Email cadence (when adminEmail is set)
| Trigger | First send | Repeat |
|---|---|---|
| Vulnerable status detected | Immediate | Weekly while still vulnerable |
| New release announced while still vulnerable | Immediate | n/a (one event per tag change) |
| Severely outdated detected | Immediate | Monthly while still severely outdated |
| Up to date | No email | — |
If adminEmail is unset, the updater never sends mail. The admin UI banner and the pad-side badge still work without it.
PR 1 ships the cadence machinery but does not yet wire a real SMTP transport — emails are logged with (would send email) until a future PR adds the transport. The dedupe state still advances correctly so admins are not bombarded once SMTP is wired.
Pad-side badge
Pad users see no version information by default. A small badge appears in the bottom-right corner only when:
- The instance is
severe(one or more major versions behind), or - The instance is
vulnerable(running below an announced threshold).

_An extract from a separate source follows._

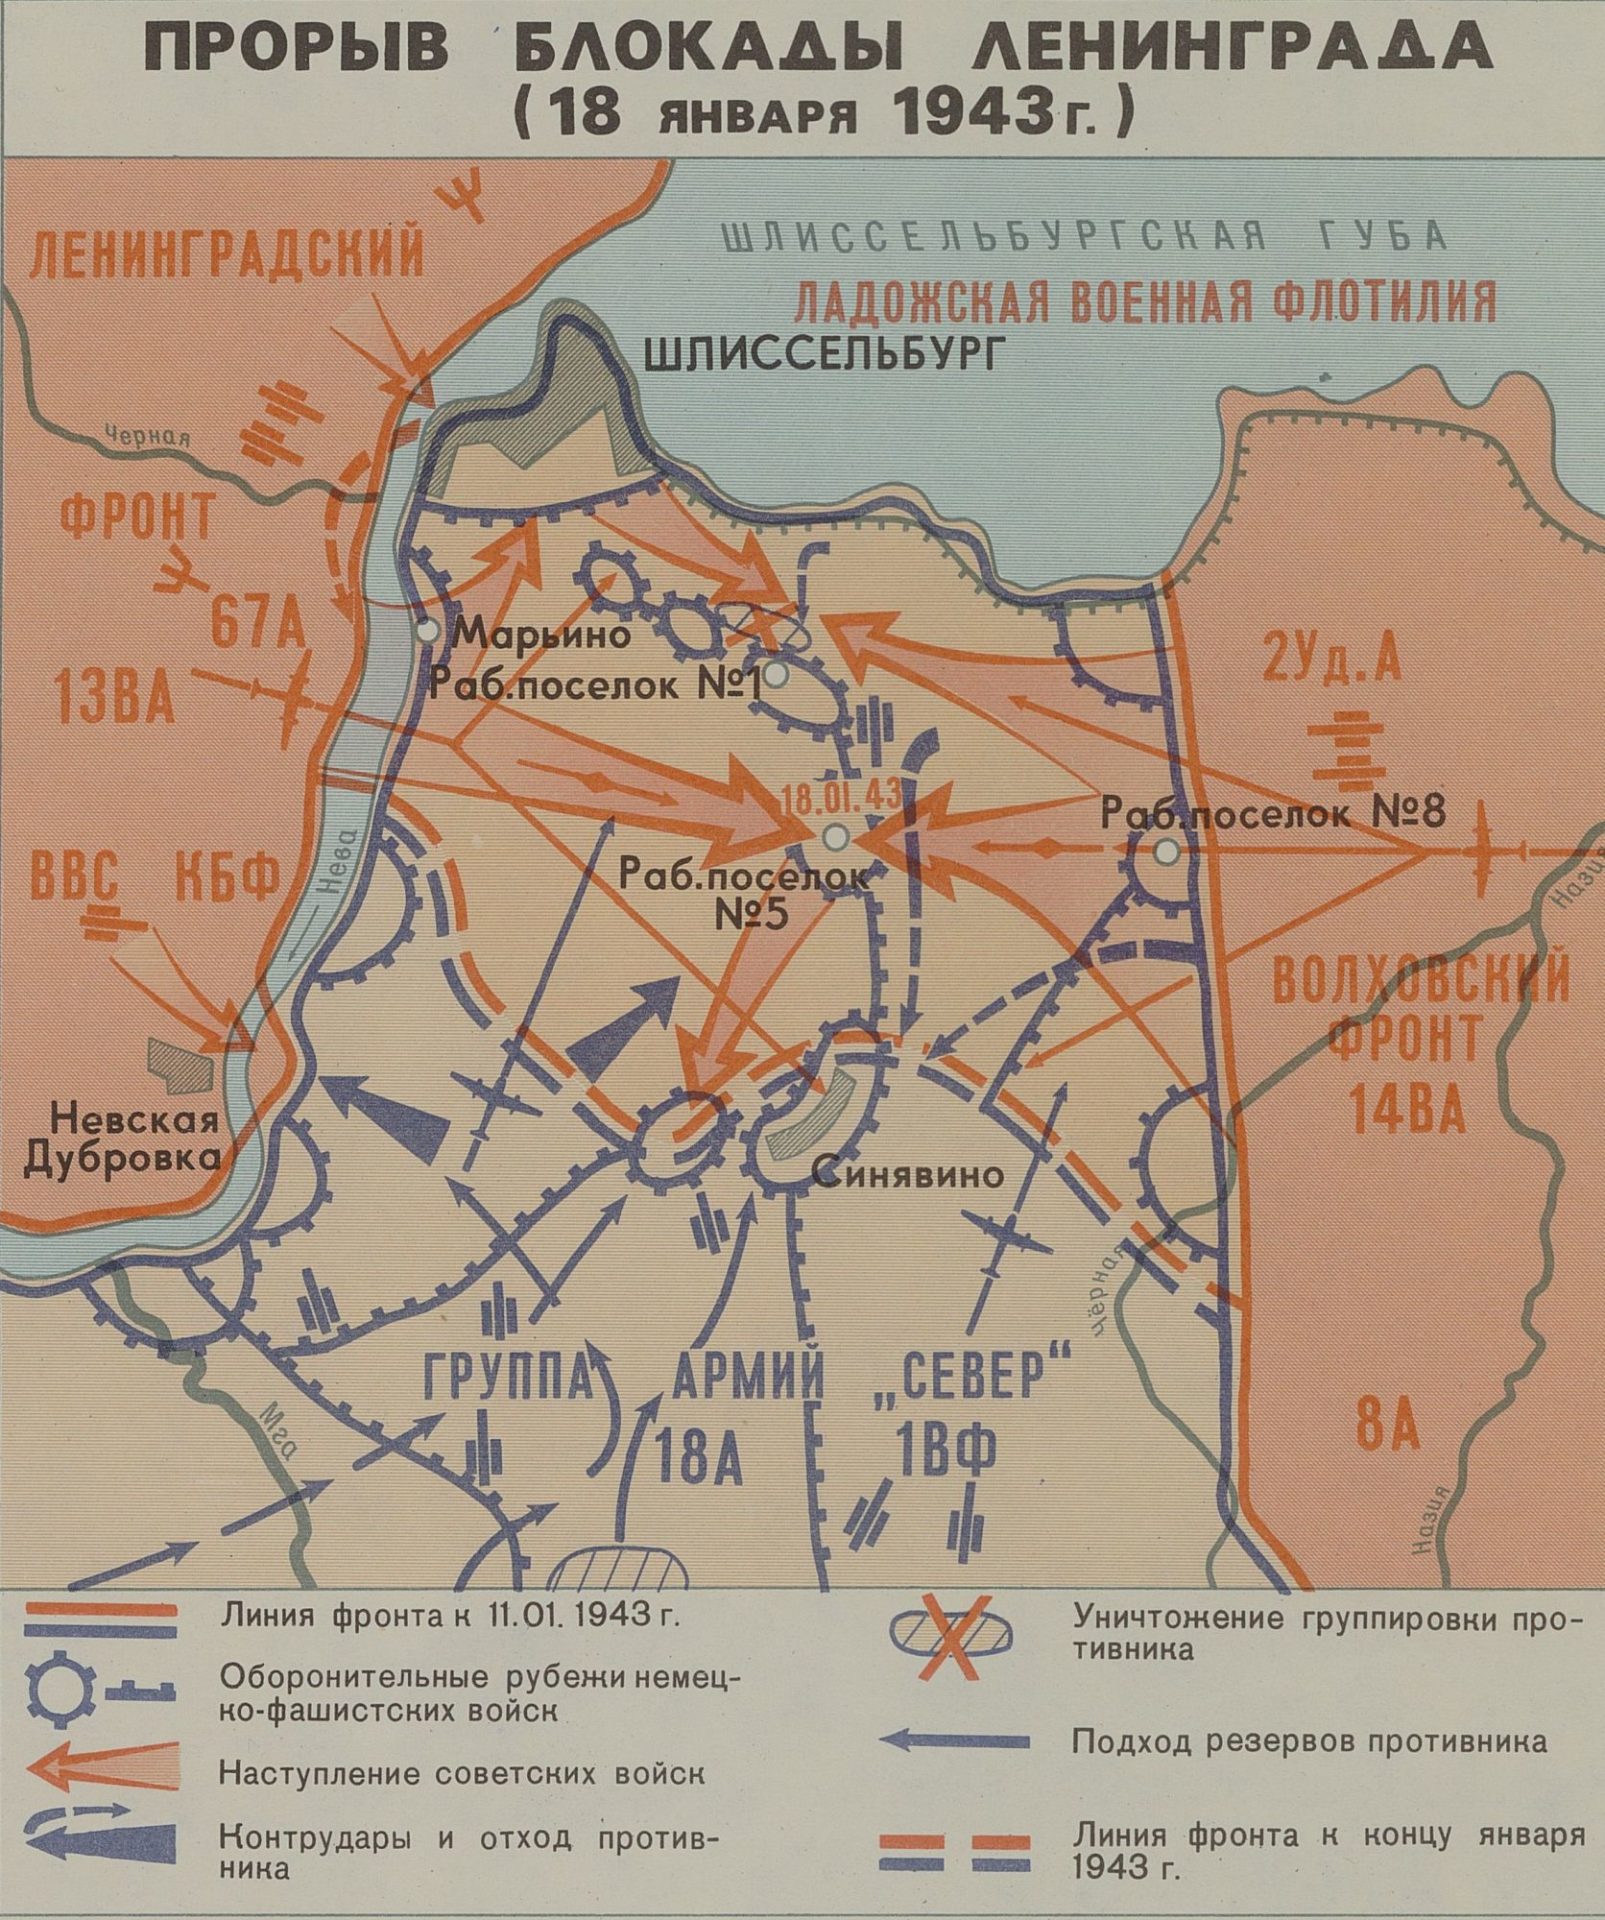 Операция блокада прорвана. Карта прорыва блокады Ленинграда в 1943. Прорыв блокады Ленинграда операция на карте.

The public endpoint /api/version-status returns only {outdated: null|"severe"|"vulnerable"} — it never leaks the running version, so attackers do not gain a fingerprint vector.
Disabling everything
Set updates.tier to "off". No HTTP request will leave the instance and no banner or badge will render.
Privacy
The version check sends no telemetry. Etherpad fetches the public GitHub Releases API (api.github.com/repos/<repo>/releases/latest) with If-None-Match to be cache-friendly. The only metadata GitHub sees is the same as any other GitHub API client — your IP and a User-Agent: etherpad-self-update header. No instance ID, no version, no identifiers travel upstream.
How install method is detected
updates.installMethod defaults to "auto", which uses these heuristics in order:
/.dockerenvexists →"docker"..git/directory present and the install root is writable →"git".package-lock.jsonpresent and writable →"npm".- Otherwise →
"managed".
Set the value explicitly if the heuristics get it wrong (e.g., a docker container that bind-mounts a writable git checkout).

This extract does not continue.